A seleção dos materiais considerou a pertinência temática, a relação com o recorte do estudo e a contribuição para a compreensão do tráfico de pessoas migrantes como fenômeno jurídico, social e institucional. Foram incluídas produções acadêmicas nacionais e internacionais disponíveis em bases como SciELO, REMHU, Cadernos Pagu, revistas jurídicas, relatórios da Organização Internacional para as Migrações (OIM), do Ministério da Justiça e Segurança Pública (MJSP), do Escritório das Nações Unidas sobre Drogas e Crime (UNODC) e do Instituto de Pesquisa Econômica Aplicada (IPEA). A análise ocorreu por leitura integral ou seletiva dos textos, seguida da organização dos achados em três eixos: conceituação e marco jurídico, migração e vulnerabilidades, e segurança pública e políticas de enfrentamento.
REFERENCIAL TEÓRICO
Conceituação do Tráfico de Pessoas, Construção Histórica do Conceito e Marco Jurídico-Normativo
A conceituação do tráfico de pessoas parte da ideia de exploração. Conforme o Protocolo de Palermo, incorporado ao Brasil pelo Decreto n. 5.017/2004, o tráfico envolve recrutamento, transporte, transferência, alojamento ou acolhimento de pessoas, mediante ameaça, fraude, coerção, abuso de autoridade ou situação de vulnerabilidade, com finalidade exploratória (Brasil, 2004). Nessa perspectiva, Mansur Dias (2015) aponta que o conceito se consolidou no contexto das negociações internacionais sobre crime organizado transnacional, enquanto Venson e Pedro (2013) demonstram que sua formação também dependeu de disputas históricas sobre moralidade, migração e proteção de vítimas.
A construção histórica do conceito evidencia que a categoria “tráfico de pessoas” não foi formada de maneira neutra. Piscitelli (2008) observa que a produção de conhecimento sobre o tema foi atravessada por interpretações sobre exploração, sexualidade, trabalho e migração. De igual modo, Blanchette e Silva (2018) indicam que certas representações sociais influenciam a definição de quem é reconhecido como vítima. Por conseguinte, Venson e Pedro (2024) reforçam que o tráfico humano precisa ser analisado historicamente, pois sua definição atual resulta de processos sociais, jurídicos e políticos.

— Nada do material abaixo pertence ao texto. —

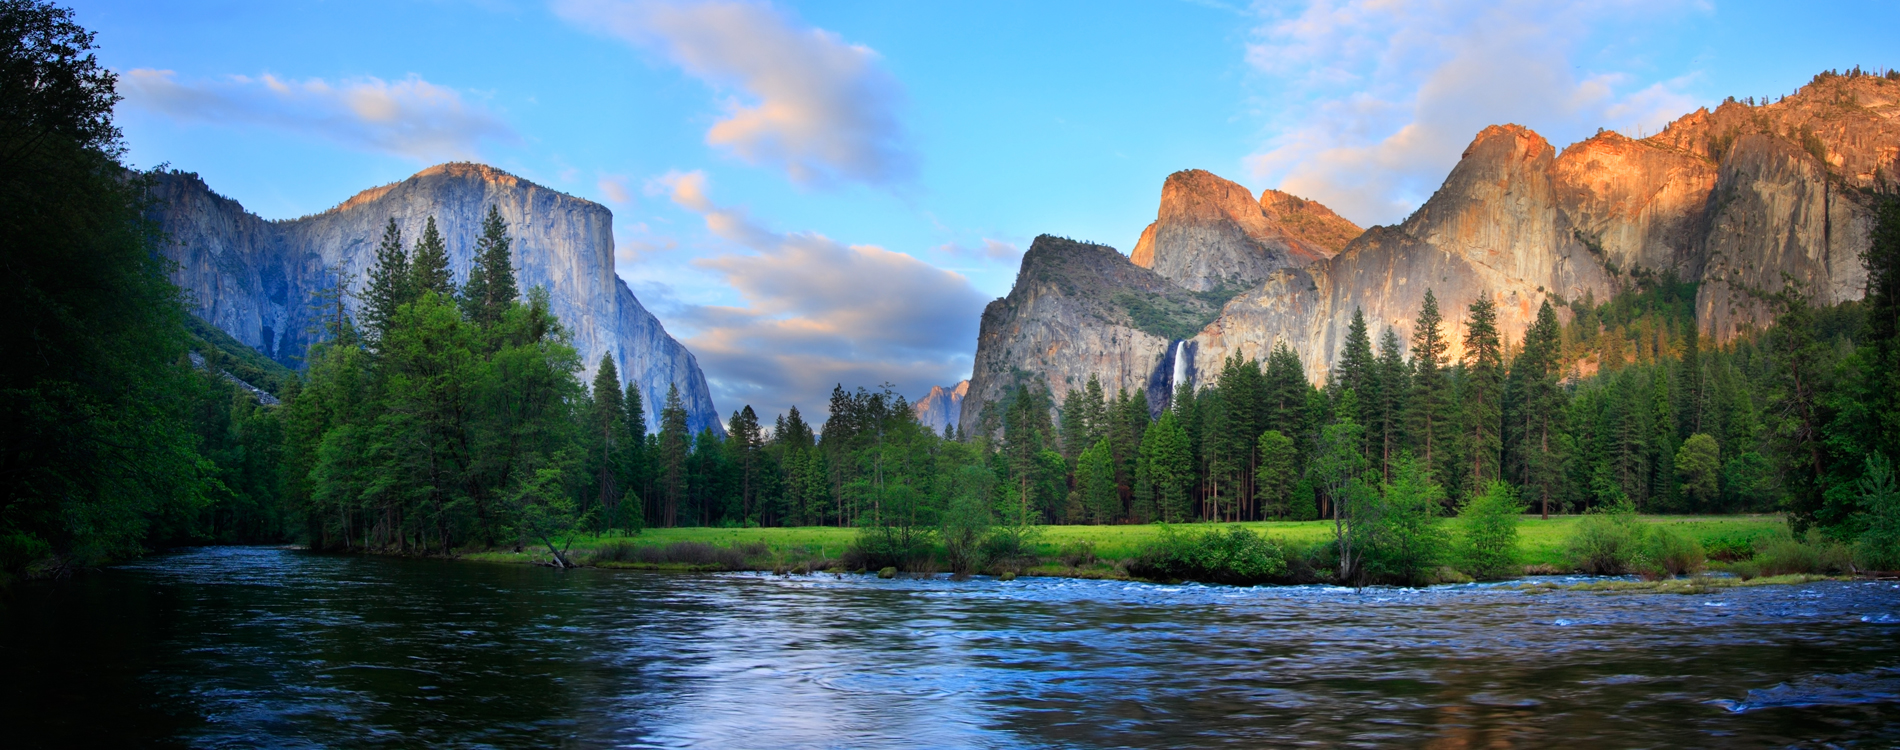 Yosemite National Park - Yosemite Valley

No Brasil, a Lei n. 13.344/2016 consolidou diretrizes para a prevenção e repressão ao tráfico interno e internacional de pessoas, bem como para a atenção às vítimas (Brasil, 2016). Essa norma alterou o Código Penal (CP), inserindo o art. 149-A, cuja redação abrange finalidades como remoção de órgãos, trabalho em condição análoga à escravidão, servidão, adoção ilegal e exploração sexual. Contudo, Sifuentes (2019) aponta críticas à aplicação da lei, enquanto Silva (2024) discute lacunas na tutela penal. Costa e Magalhães (2025), de igual maneira, tratam do tema a partir dos aspectos jurídicos e das políticas de enfrentamento.

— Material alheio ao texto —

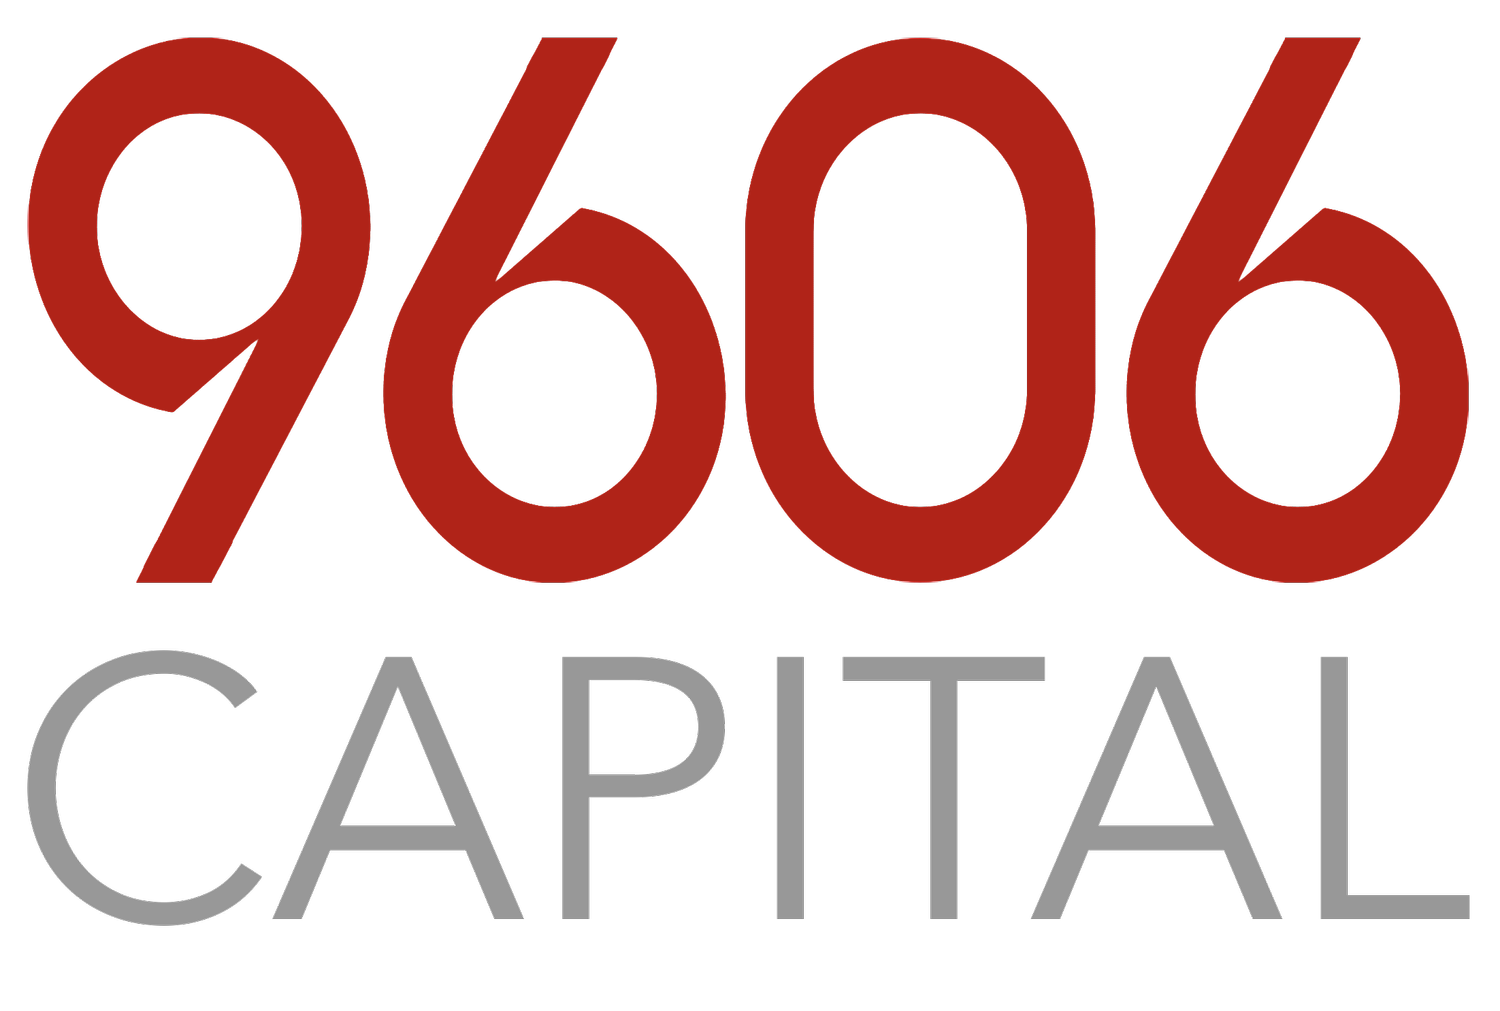 9606 Capital

Também é necessário distinguir o tráfico de pessoas do contrabando de migrantes, denominado smuggling of migrants. Chiaretti (2019) explica que o contrabando envolve a facilitação da entrada irregular de pessoa em outro país, geralmente mediante vantagem econômica, ao passo que o tráfico tem como núcleo a exploração. Essa distinção é relevante porque, conforme Mansur Dias (2015), os protocolos internacionais trataram essas condutas em instrumentos diferentes, ainda que ambas possam aparecer em contextos migratórios. Desse modo, o Protocolo de Palermo contribui para evitar confusões conceituais entre deslocamento irregular e exploração humana (Brasil, 2004).
No campo da segurança pública, a correta definição do tráfico de pessoas orienta a prevenção, a investigação e a proteção das vítimas. A Lei n. 13.344/2016 propõe atuação integrada entre repressão penal, assistência e cooperação institucional (Brasil, 2016). Todavia, Blanchette e Silva (2018) alertam que a identificação da vítima não deve depender de modelos rígidos, pois diferentes formas de exploração podem ficar invisíveis. Nesse mesmo sentido, Piscitelli (2008) demonstra que a construção da vítima ideal interfere no reconhecimento social e institucional do tráfico, enquanto Sifuentes (2019) reforça a necessidade de atenção aos limites práticos da legislação.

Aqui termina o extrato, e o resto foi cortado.